ACTIVITY » The required output is the stretch from the line containing "simonsig-harvest-2019-in-progressFMe24eMJtbM6r" through the line containing "Maruti Suzuki Vector Logo" in the records below, unaltered and with no pictures.

RECORDS FOR PROCESSING »
◆ ◆ ◆ ◆ ◆
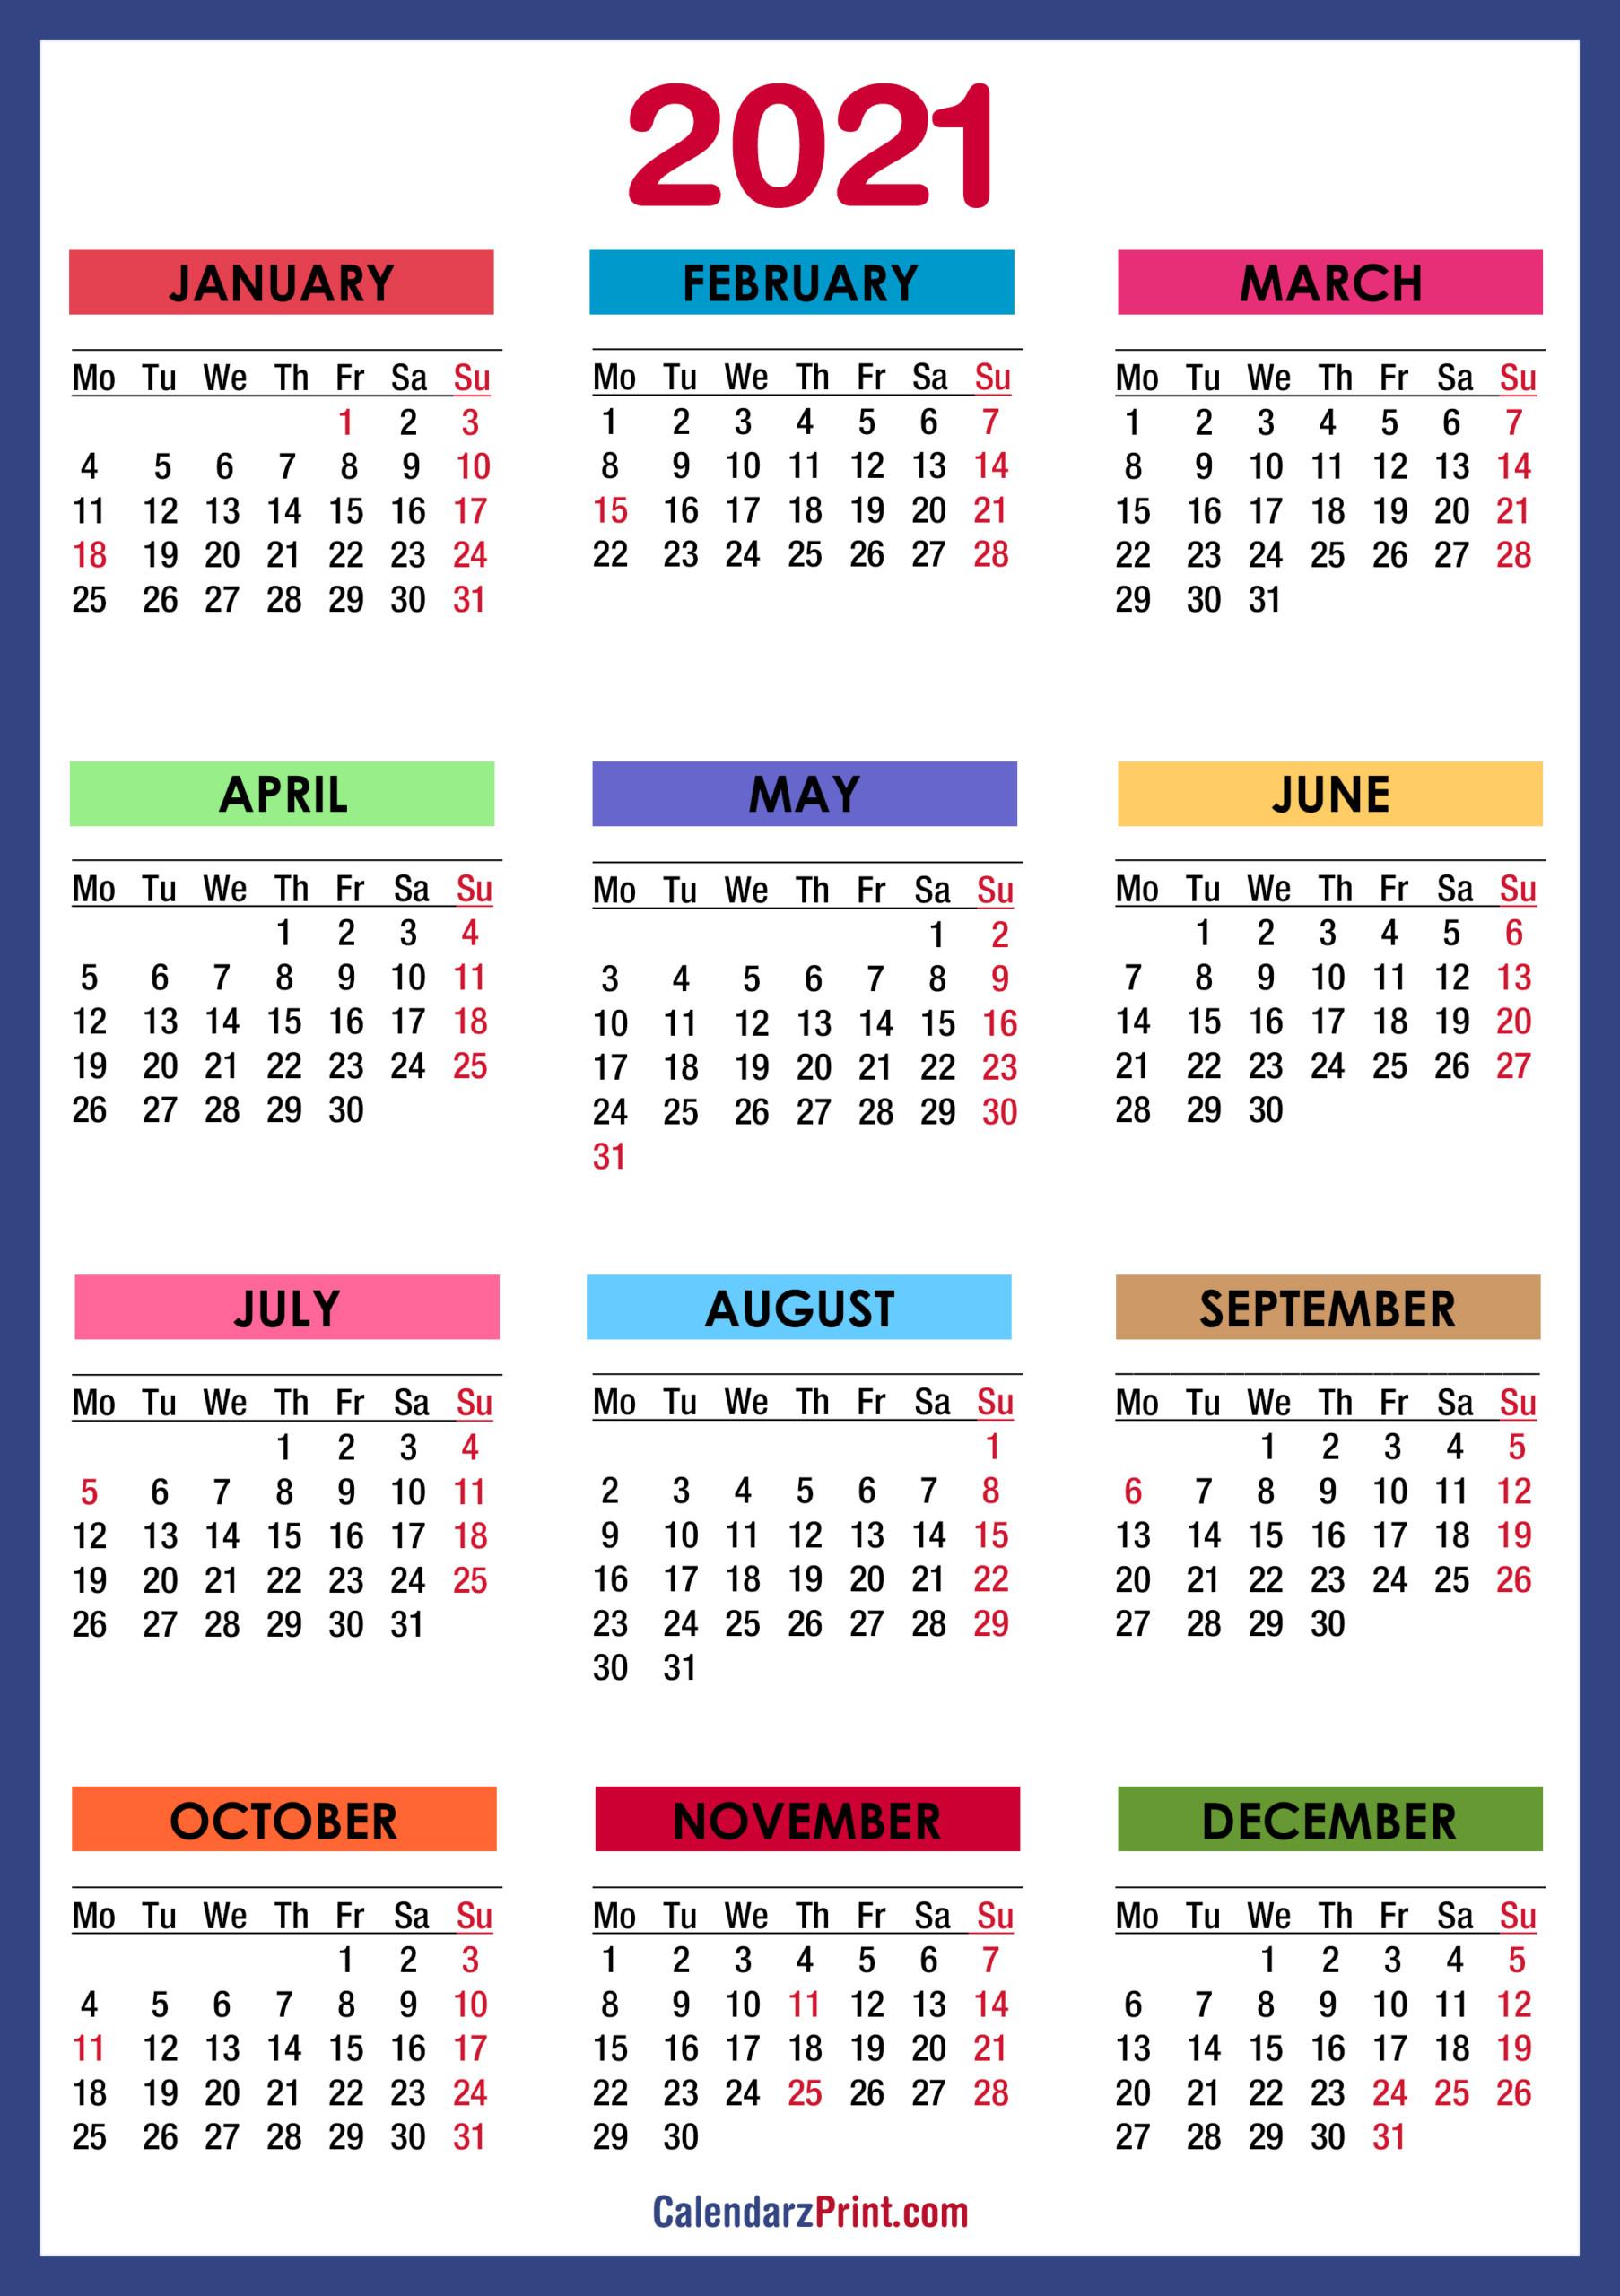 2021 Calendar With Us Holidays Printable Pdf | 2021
◆ ◆ ◆ ◆ ◆
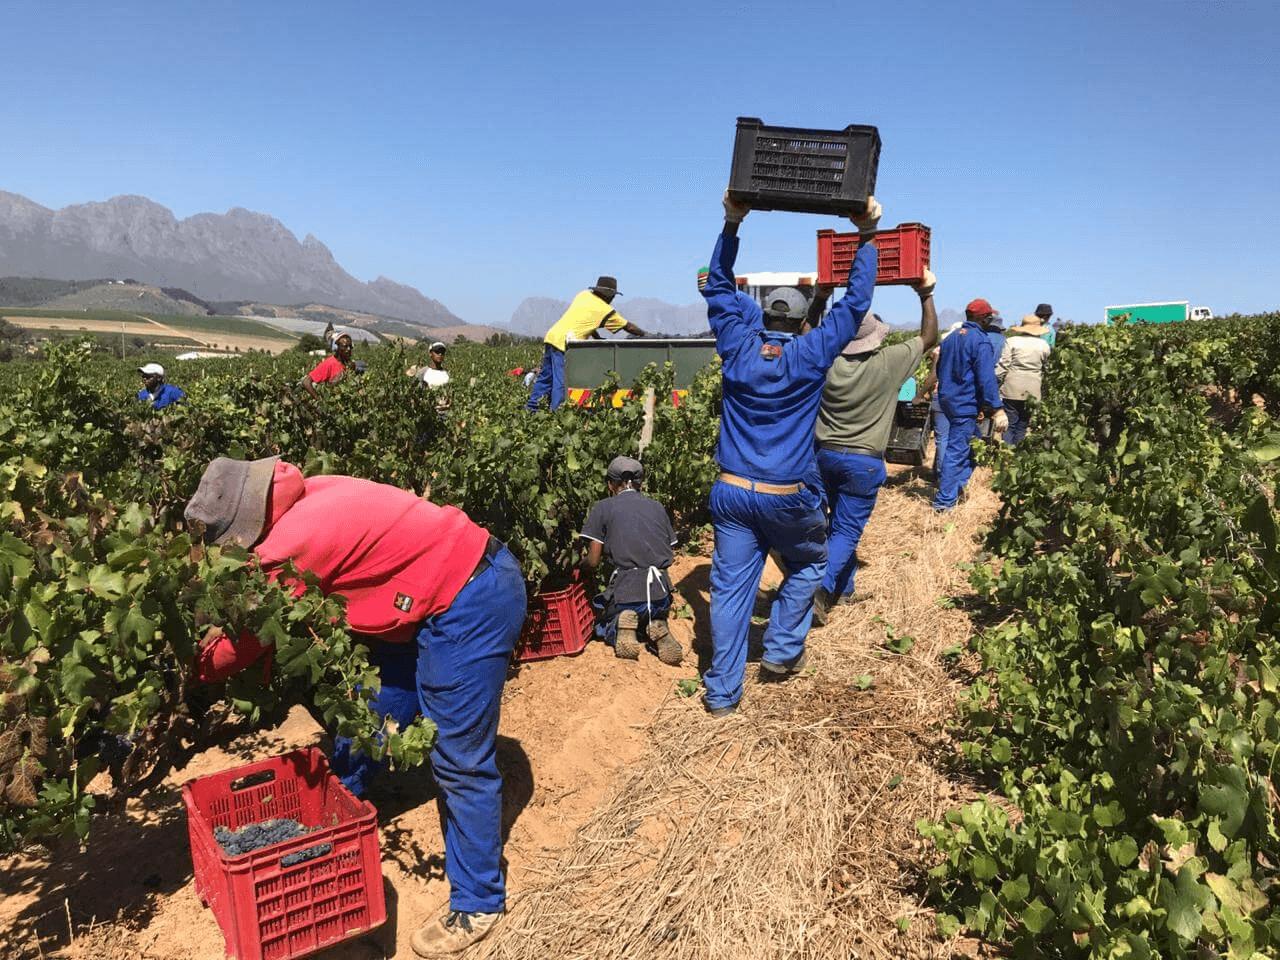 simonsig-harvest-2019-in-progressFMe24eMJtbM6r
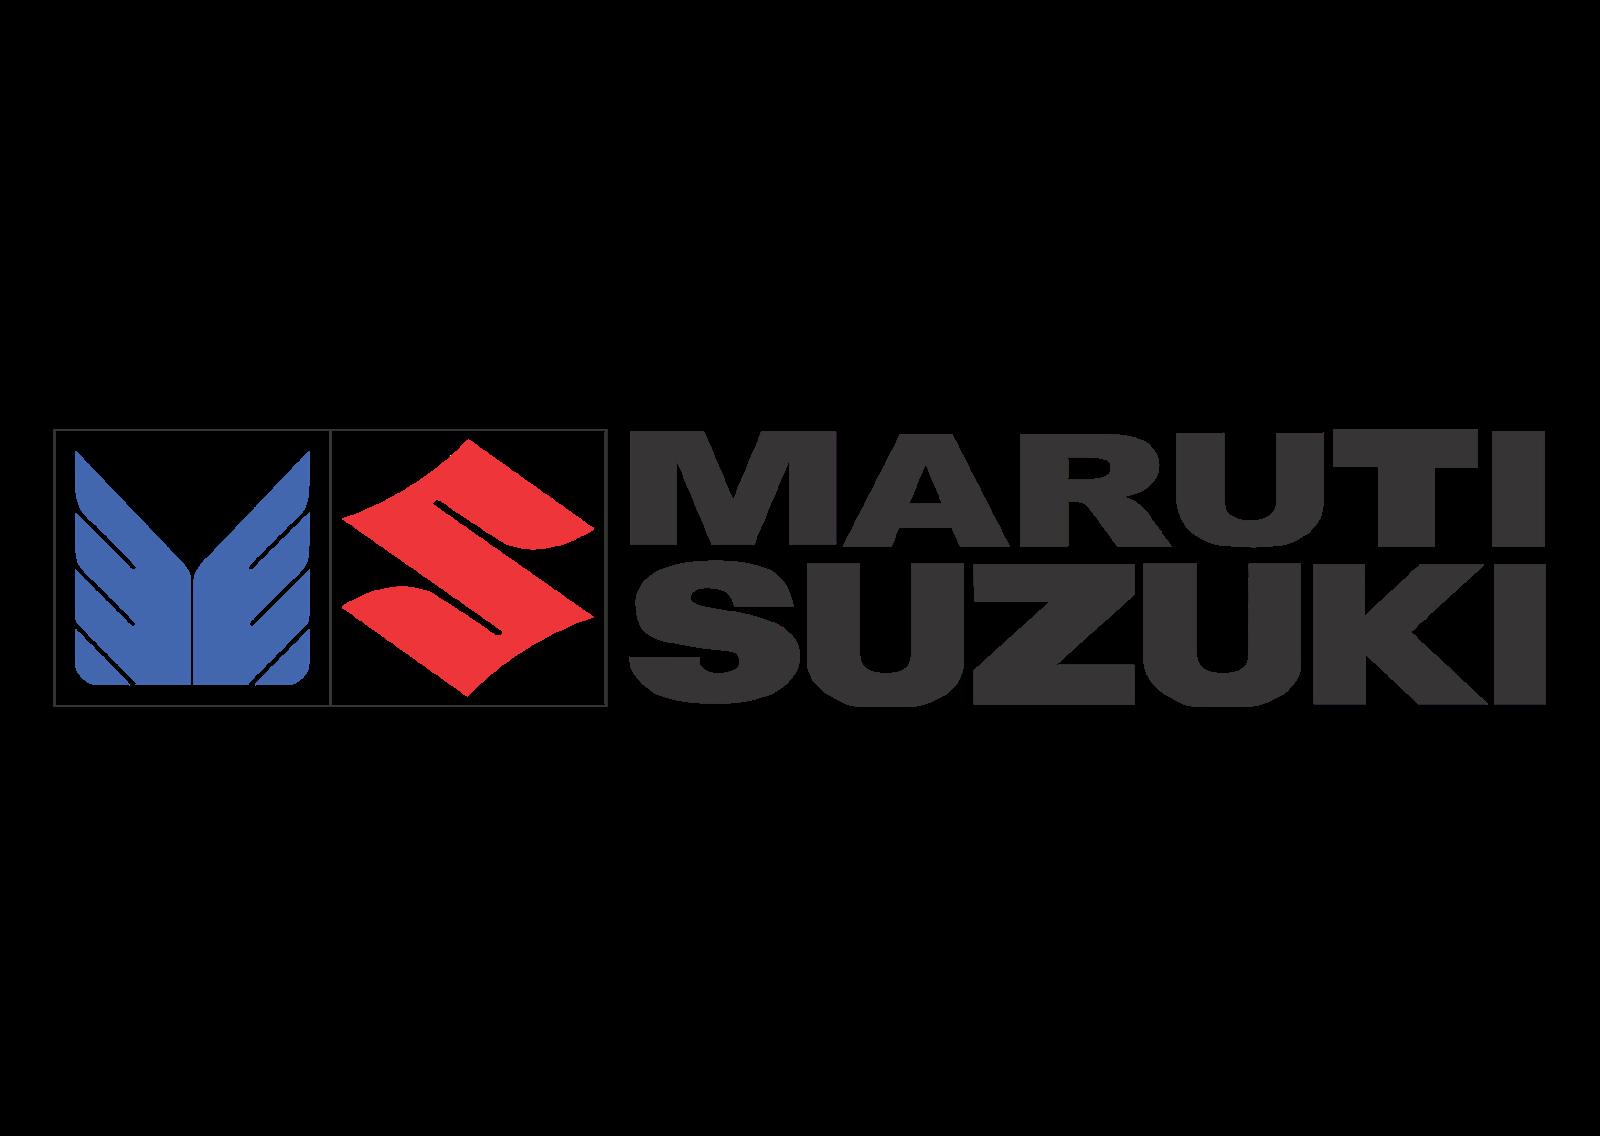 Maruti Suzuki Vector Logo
◆ ◆ ◆ ◆ ◆
RESPONSE »
 simonsig-harvest-2019-in-progressFMe24eMJtbM6r
 Maruti Suzuki Vector Logo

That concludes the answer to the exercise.